Contra-indicaties voor toediening van zuurstof
Zoals de titel zegt, wat zijn de contra-indicaties om een patiënt zuurstof toe te dienen in het noodsysteem buiten ziekenhuizen?
Zoals de titel zegt, wat zijn de contra-indicaties om een patiënt zuurstof toe te dienen in het noodsysteem buiten ziekenhuizen?
Het is duidelijk dat als er brandgevaar is, het geven van zuurstof buiten het ziekenhuis brandgevaar oplevert. En bij pasgeborenen kan zuurstofvergiftiging door hoge stroming optreden.
Als dat risico er niet is, dan is het belangrijkste bezwaar dat door het wegnemen van de hypoxische ademhalingsdrang bij patiënten met hypercapnische ademstilstand de patiënt dan stopt met ademen.
De risico’s van zuurstoftherapie zijn zuurstofvergiftiging en kooldioxide-narcose. Pulmonale zuurstoftoxiciteit treedt zelden op wanneer een fractionele zuurstofconcentratie in het geïnspireerde gas (FiO2) van minder dan 0,6 wordt gebruikt; daarom moet bij ernstig zieke patiënten worden geprobeerd de geïnspireerde zuurstofconcentratie tot dit niveau te verlagen.

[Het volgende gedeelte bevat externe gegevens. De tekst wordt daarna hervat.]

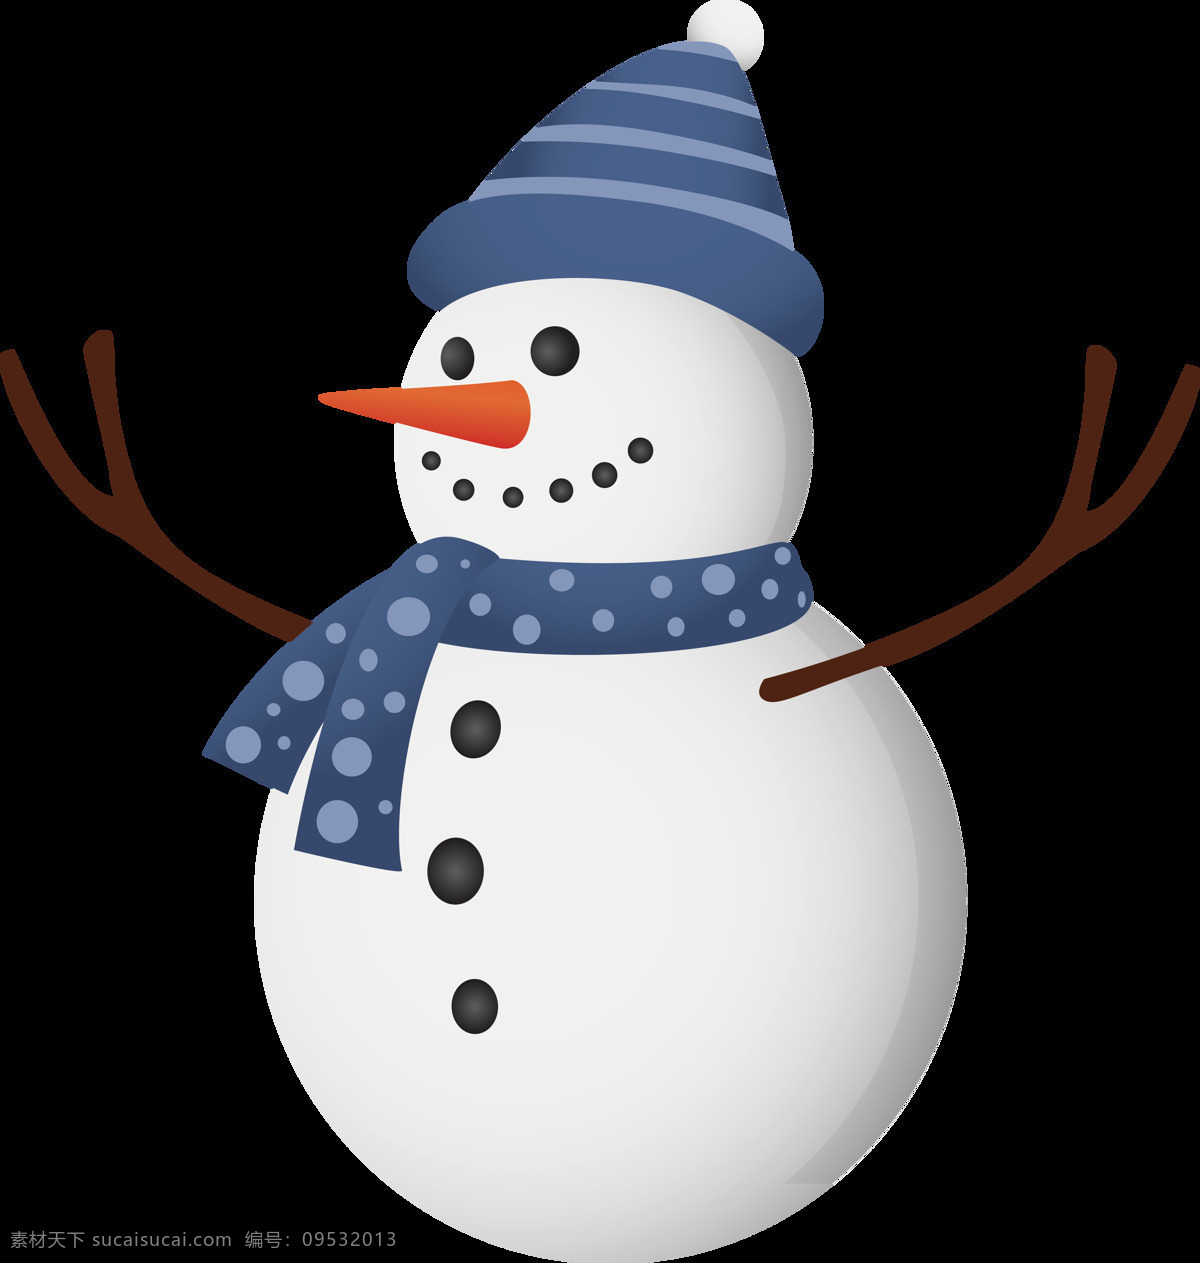 卡通 圣诞节 雪人 冬季元素 堆雪人 节日元素 卡通雪人 可爱雪人 设计素材 圣诞 圣诞png 圣诞雪人 雪人png 雪人元素

Kooldioxidevernauwing treedt soms op wanneer aan sommige patiënten met hypercapnie zuurstof wordt toegediend om te ademen. De arteriële kooldioxidespanning (PaCO2) stijgt scherp en progressief met ernstige respiratoire acidose, somnolentie en coma. Het mechanisme is voornamelijk de omkering van pulmonale vasoconstrictie en de toename van dode ruimte ventilatie. https://emedicine.medscape.com/article/167981-treatment
Met speciale verwijzing naar mensen die vatbaar zijn voor ademhalingsfalen, stellen de BTS 2008 richtlijnen
Sommige patiënten met COPD en andere aandoeningen zijn kwetsbaar voor herhaalde episoden van hypercapnisch ademhalingsfalen. In deze gevallen wordt aanbevolen de behandeling te baseren op de resultaten van eerdere bloedgasbepalingen tijdens acute exacerbaties, omdat hypercapnisch respiratoir falen ook kan optreden als de saturatie lager is dan 88%. Voor patiënten met eerder hypercapnisch falen (die niet-invasieve beademing of intermitterende positieve-drukbeademing nodig hebben) en die geen alarmkaart hebben, wordt aanbevolen de behandeling te beginnen met een 28% venturi-masker met 4 l/min in de prehospitale zorg of een 24% venturi-masker met 2-4 l/min in de ziekenhuiszorg met een initiële streefsaturatie van 88-92% in afwachting van dringende bloedgasresultaten. Deze patiënten moeten door de hulpdiensten met hoge prioriteit worden behandeld en de zuurstofdosis moet worden verlaagd als de saturatie hoger is dan 92%. [Graad D]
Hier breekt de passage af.